The hard questions around decentralized identity for ai agents in payments that expose blind spots early and force the system to prove it can survive scrutiny from more than one stakeholder group.
The hard questions around ai agent governance that expose blind spots early and force the system to prove it can survive scrutiny from more than one stakeholder group.
The hard questions around ai agent trust management that expose blind spots early and force the system to prove it can survive scrutiny from more than one stakeholder group.
A practical control model for public-sector leaders who need AI speed without audit blind spots.
A practical control model for legal leaders who need AI speed without audit blind spots.
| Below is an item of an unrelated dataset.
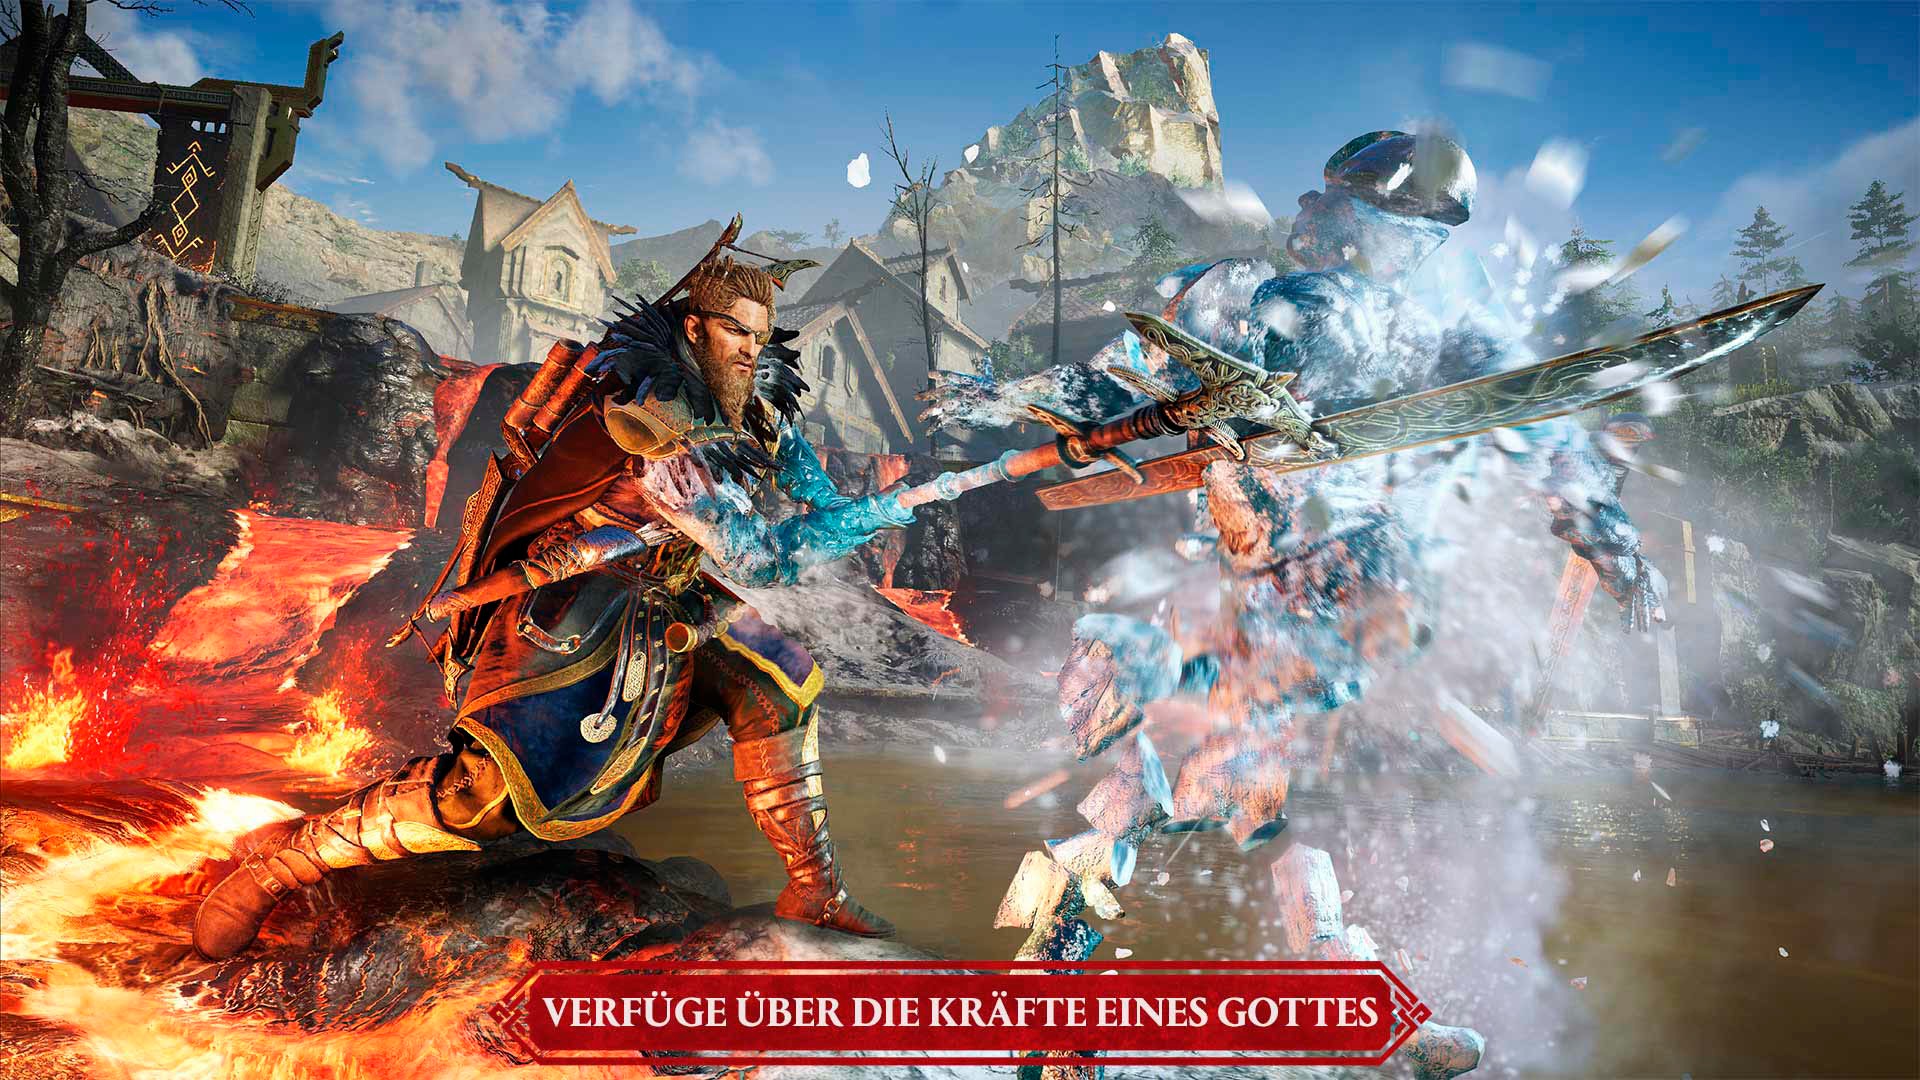 UBISOFT Spielesoftware »Assassin's Creed Valhalla: Die Zeichen Ragnaröks«, PlayStation 4

A practical control model for energy leaders who need AI speed without audit blind spots.
The hard questions around rpa bots vs ai agents for accounts payable that expose blind spots early and force the system to prove it can survive scrutiny from more than one stakeholder group.
The hard questions around ai agent supply chain security that expose blind spots early and force the system to prove it can survive scrutiny from more than one stakeholder group.
The hard questions around verified trust for ai agents that expose blind spots early and force the system to prove it can survive scrutiny from more than one stakeholder group.
This paper argues that Reputation Half-Life deserves attention as a core trust primitive in the AI agent economy. We examine how fast old performance evidence should decay when agents, prompts, tools, or economic incentives change, define reputation half-life model as the governing mechanism, and show why strong historical scores continue to grant access long after the underlying behavior has changed. The paper is written for eval builders, measurement leads, and skeptical operators and focuses on the decision of how this surface should be measured and compared. Our evidence posture is trust-model analysis informed by update and drift patterns, with emphasis on benchmark-backed framing and metric design.